Source: European Parliament
The crisis response mechanism outlined in Article 36 of the Digital Services Act (DSA)[1] only applies in extraordinary circumstances that pose a serious threat to public security or public health in the EU.
Activation of this mechanism requires a recommendation from the European Board for Digital Services[2], which comprises independent national regulators. No such recommendation has so far been issued and, therefore, the provision has never been enforced.
If the Board recommends activating the crisis response mechanism, the Commission may request providers of very large online platforms or search engines to assess if their services significantly contribute to the serious threat. If so, they are to identify appropriate mitigation measures.
The DSA does not prescribe the measures to be taken by the provider, but sets out effective safeguards for fundamental rights.

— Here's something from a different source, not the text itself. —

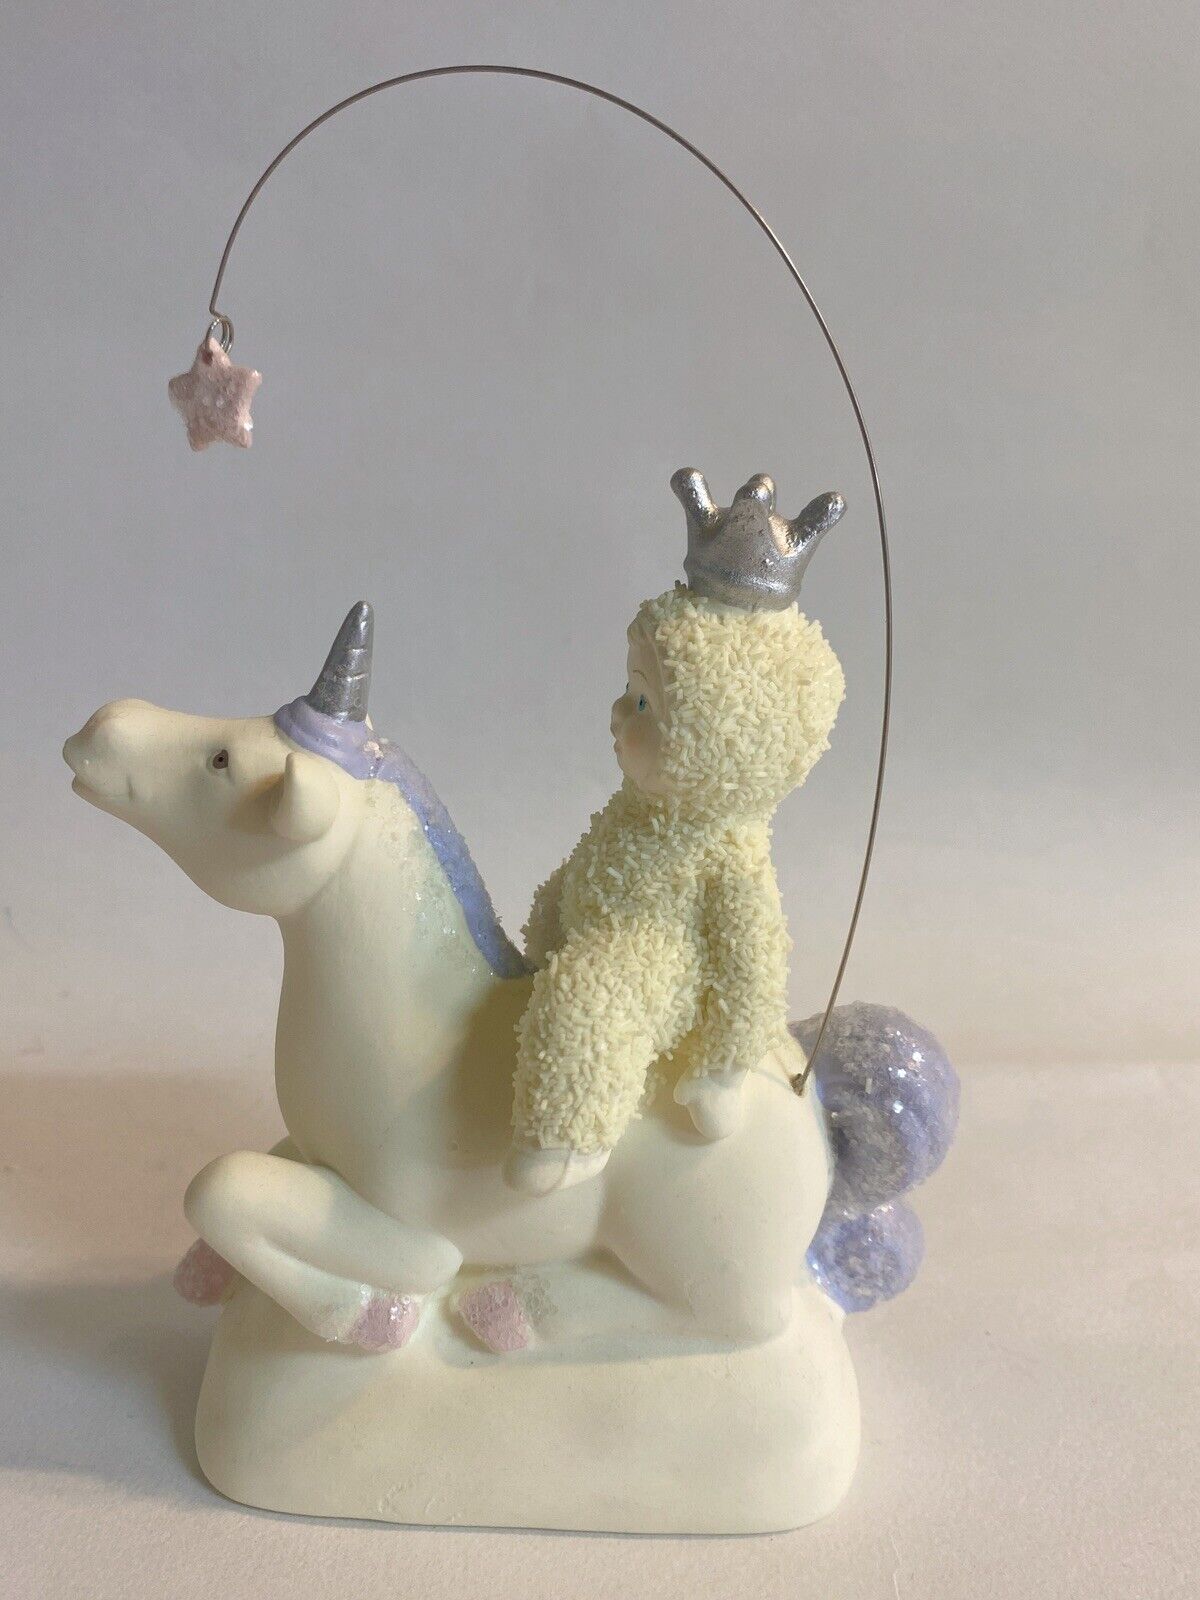 Dept 56 Snow Babies “Dream Big” Unicorn Figurine 6002858

As stated in Article 36, proposed measures must be strictly necessary, justified, proportionate and respect the fundamental rights enshrined in the Charter[3]. Such measures must also be limited to a reasonable period not exceeding three months.
The Commission monitors the application of mitigation measures, regularly updates the Board, and reports to the European Parliament and the Council on the application of the measures taken by providers.
Regarding content removal, the DSA does not define what type of content users may or may not post online. The DSA lays down the world’s strongest safeguards of users’ rights online, e.g. by requiring platforms to publish online[4] statements of reasons for any content moderation decisions by platforms, and provide complaint mechanisms for appealing content moderation decisions, allowing users to contest decisions and ensuring due process.